2013年12月21日土曜日

馬鹿にすること


誰かを馬鹿にすることは、無意味だと思う。

何かを見下してものを言うことは、ネット上では大変流行っている。
twitterでは馬鹿を叩き、2ちゃんねるでも「おまえら」なる架空の集団を叩く。
芸能人が不祥事を起こせば、炎上される。

何をそんなに叩きたいのか、と思う。

たしかに悪は是正されるべきだと思う。
何か悪いことをしたら正すのは当然であって、それが未来を見据えた訓示であるなら、なんら問題ない。

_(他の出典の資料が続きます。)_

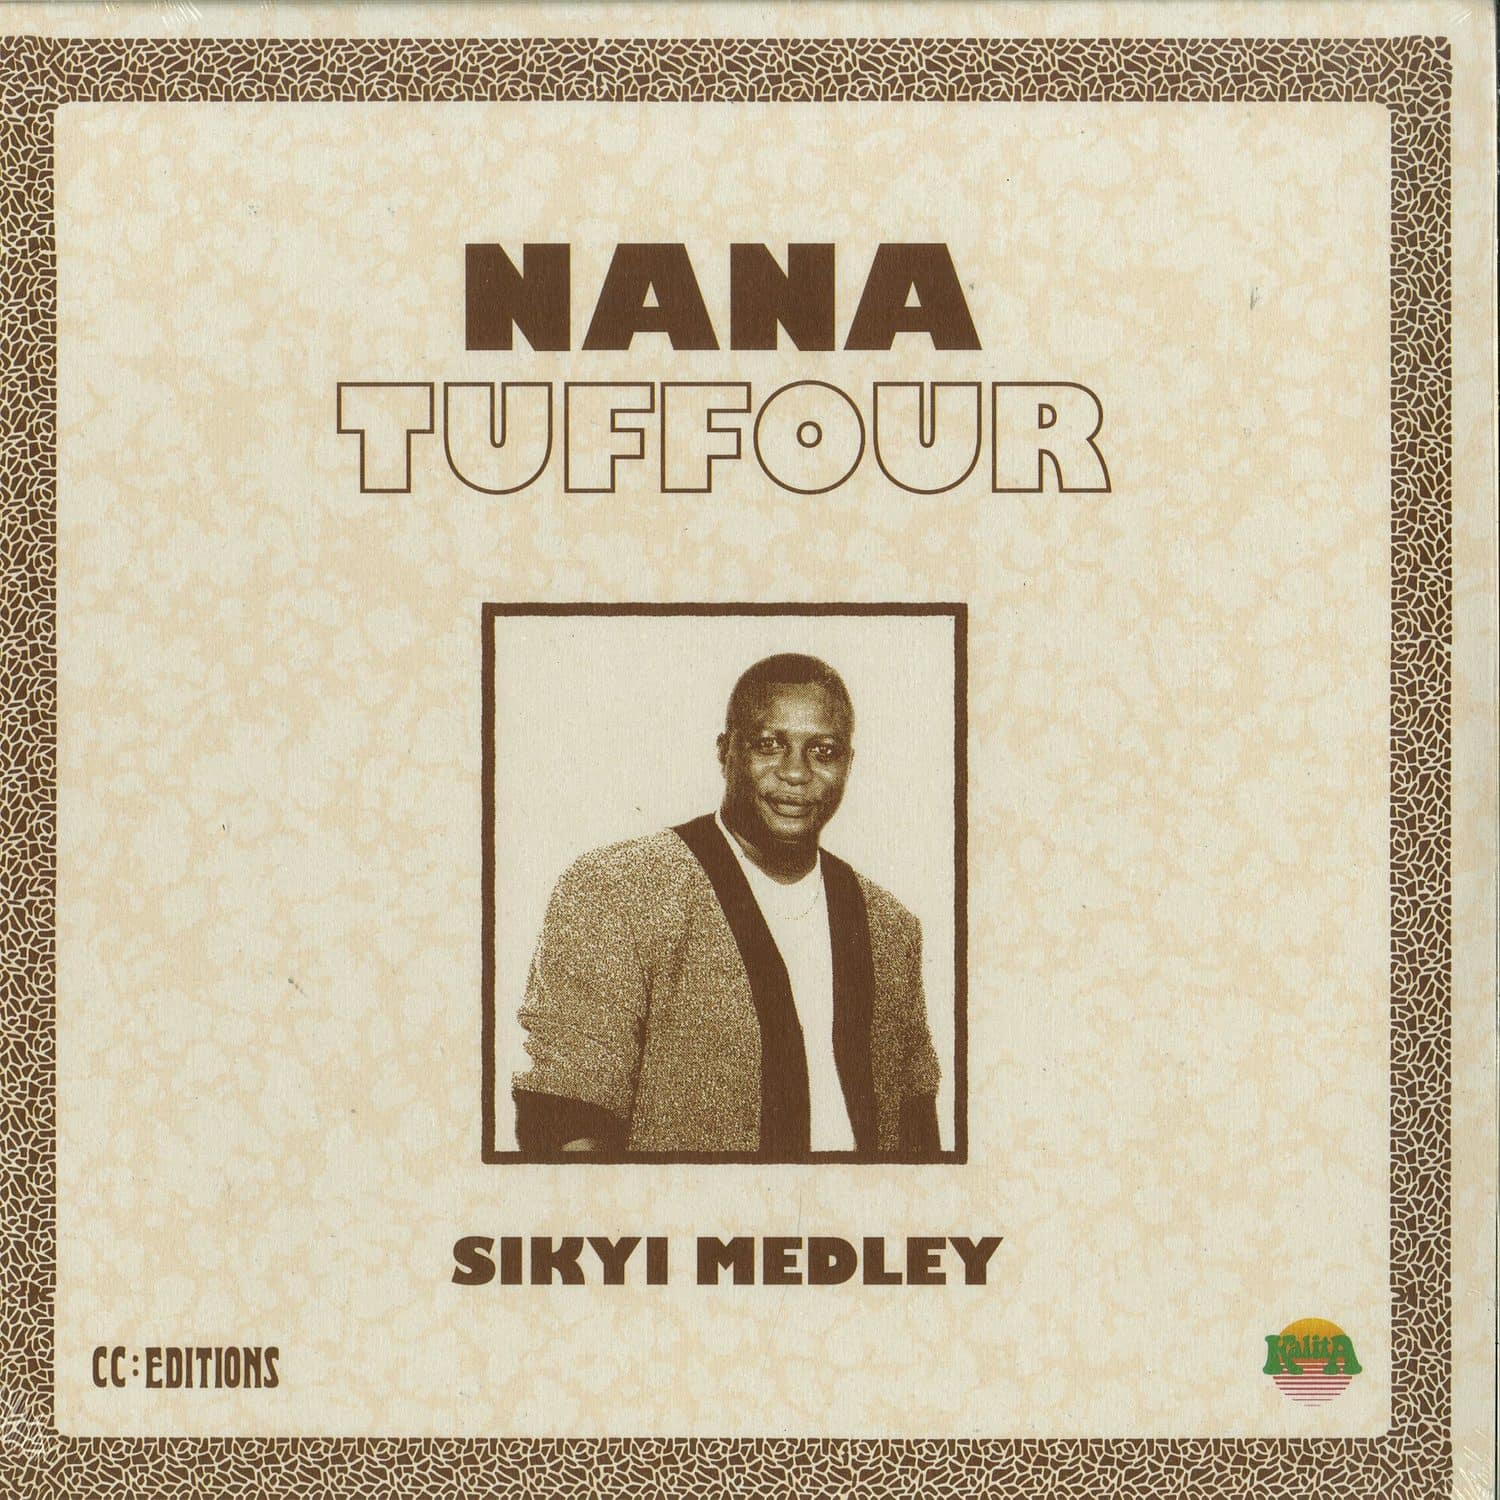 Nana Tuffour - SIKYI MEDLEY

だが、今世の中(主にネット社会になるが)に蔓延している叩く雰囲気は、何も発展性がなく、ただ他人を馬鹿にしているような部分も見受けられる。

誰かを馬鹿にして時間を潰すことは、なにも意味を成さない。
相手は自分に対して何も得をもたらさない。
そこにあるのは、他社を見下して自分を偉く感じるという錯覚による優越感ならびに快感だけである。

認められたい気持ちは誰しももっていると思うが、他人を叩くことで認められることはない。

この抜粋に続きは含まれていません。